Untrusted user input is the root cause of most web application vulnerabilities: XSS, SQL injection, command injection, path traversal, and header injection. Sanitization transforms raw input into safe, normalized data. Validation checks that the sanitized data meets structural and semantic constraints.
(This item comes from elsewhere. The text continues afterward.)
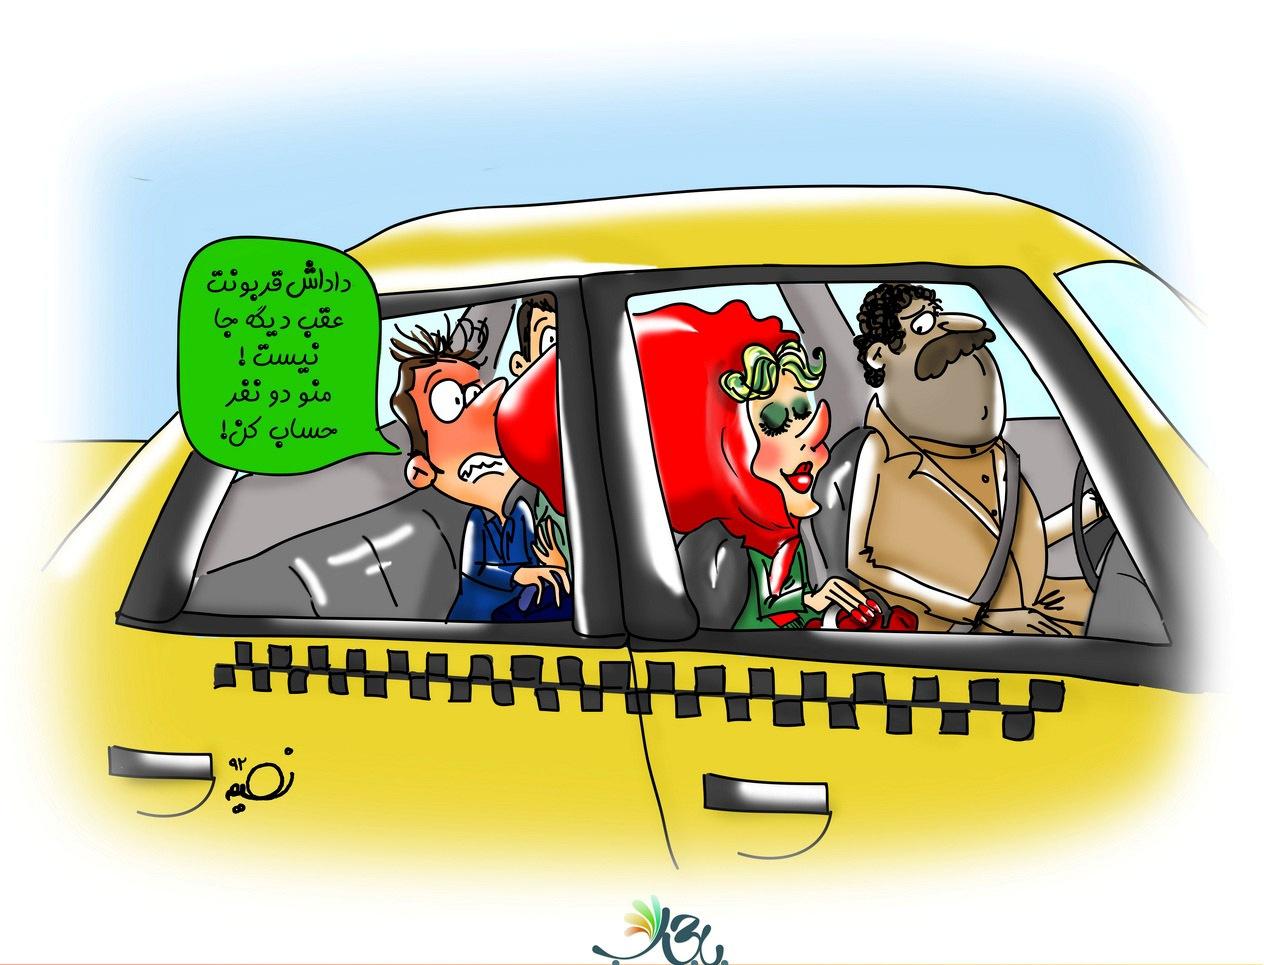 www.dustaan.com اس ام اس های جدید و خنده دار کلیپسی!

This recipe shows how to sanitize and validate input across Python, JavaScript, and Java.

When to Use

Use this resource when:

Accepting form data, query parameters, or JSON bodies from web clients
Processing file uploads or file paths provided by users
Rendering user-generated content in HTML, email, or logs
Passing user values to OS commands, SQL queries, or NoSQL filters

Solution

Python

# HTML sanitization with bleach
# pip install bleach
import bleach

def sanitize_html(text: str) -> str:
    allowed_tags = ['p', 'br', 'strong', 'em']
    allowed_attrs = {}
    return bleach.clean(text, tags=allowed_tags, attributes=allowed_attrs, strip=True)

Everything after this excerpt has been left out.